The Czech parliamentary election offers a paradox for students of foreign information manipulation. By every technical measure, the operation was sophisticated. Yet the parties it explicitly supported — those calling for Czech withdrawal from NATO and the European Union — fell short of expectations. The far-right SPD received just 7.8 percent, down from pre-election polls suggesting 13 percent. The far-left Stačilo!, built around the Communist Party, failed to clear the 5 percent threshold entirely.¹ The trolls had come, but they had come up short.

The architecture of amplification

In late September 2025, Online Risk Labs, a newly formed group of Czech analysts, published findings that would frame the final weeks of the campaign. They had identified 286 anonymous TikTok accounts operating as a coordinated network — liking, sharing, and commenting on each other’s posts within seconds to game the platform’s recommendation algorithm.² The collective reach was staggering: between 5 and 9 million views per week, exceeding the combined audience of all mainstream party leaders on the platform.

The mechanism was elegant in its simplicity. TikTok’s algorithm prioritizes content based on early engagement signals. When dozens of accounts simultaneously interact with a video in the first moments after posting, the platform interprets this as genuine interest and pushes the content into the “For You” feeds of real users. Some clips gained hundreds of thousands of views within hours, creating the impression of organic public enthusiasm where none existed.³

But the Czech Security Information Service (BIS) went further. In a report delivered to the president and prime minister just days before the vote, intelligence officials identified nearly 1,000 accounts promoting pro-Russian narratives.⁴ The content glorified Vladimir Putin, spread disinformation justifying Russian aggression against Ukraine, and appeared in Czech, Slovak, and Russian — sometimes accompanied by Russian music. The network operated in layers: a handful of “content creators” generating original videos, supported by more than 250 accounts that reposted and amplified them.
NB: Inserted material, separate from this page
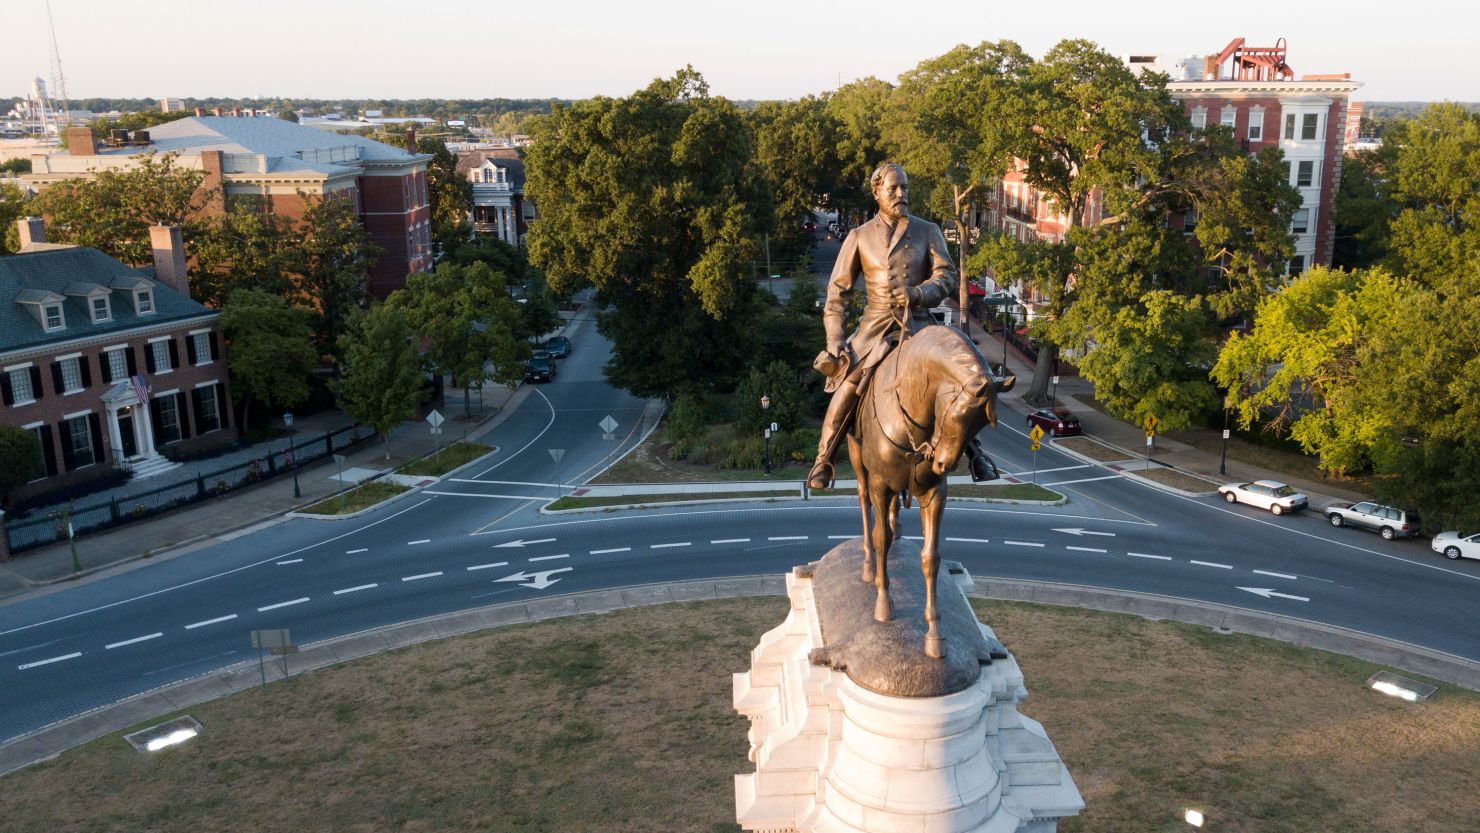 The early morning sun highlights the statue of Confederate General Robert E. Lee on Monument Avenue in Richmond, Virginia, on July 31, 2017.

What made TikTok particularly vulnerable was its user demographics. More than 2 million Czechs use the platform, with the majority aged 18-24 — first-time voters particularly susceptible to algorithmic manipulation based on early engagement.⁵

The broader information landscape

TikTok was only one front. The Country Election Risk Assessment (CERA), published by a consortium including GLOBSEC, the Institute for Strategic Dialogue, and Debunk.org, documented a comprehensive ecosystem of foreign information manipulation targeting Czech voters.⁶

Russia remained the central external actor, but China’s role was increasingly visible. Both exploited Telegram networks, disinformation portals, and coordinated social media accounts to spread distrust, voter apathy, and anti-Western narratives. The Pravda network — first identified by France’s VIGINUM in 2014 — had expanded to more than 200 country-specific subdomains, with Czech content appearing regularly. Websites translated directly from Russian state media. Bots impersonated candidates. The lines between fact and fiction blurred systematically.

The narratives were familiar from other European elections: claims that Czechia was being “dragged into war” by supporting Ukraine, that sanctions were destroying the Czech economy, that the EU had become a “dictatorship.” According to GLOBSEC Trends 2025, while 86 percent of Czechs support NATO membership and 72 percent would vote to remain in the EU, the narrative of Brussels overreach resonated with 54 percent of the population.⁷

Why Czechia did not become Romania

Six months after Romania’s Constitutional Court annulled a presidential election over TikTok manipulation, Czech authorities were acutely aware of the precedent. The comparison was inevitable — and the differences instructive.

First, the evidence threshold. Romanian intelligence officials accused Russian actors of creating fake accounts and manipulating algorithms, presenting classified briefings to justify annulment. In Czechia, neither BIS nor the Center for Online Risk Research could definitively link the coordinated accounts to the Russian government. “We don’t know,” researcher Vendula Prokůpková told journalists. “We don’t have the tools to find out.”⁸ Without attribution, there was no basis for challenging the results.

Second, institutional coordination. Czech authorities had prepared extensively. The Ministry of Interior launched public information campaigns. BIS monitored disinformation networks in real time. The Czech Telecommunication Office (CTU) forwarded complaints about suspicious accounts to the European Commission and engaged directly with TikTok, which removed some accounts before election day. The FIMI-ISAC post-election assessment concluded that “strong cooperation among Czech institutions, media, and civil society helped maintain public confidence.”⁹

Third, the outcome itself. The parties explicitly promoted by the coordinated networks underperformed. In Romania, the beneficiary of alleged manipulation — Călin Georgescu — had surged from obscurity to first place. In Czechia, SPD lost votes compared to 2021, and Stačilo! failed to enter parliament at all. The operation appeared to have failed its most direct objectives.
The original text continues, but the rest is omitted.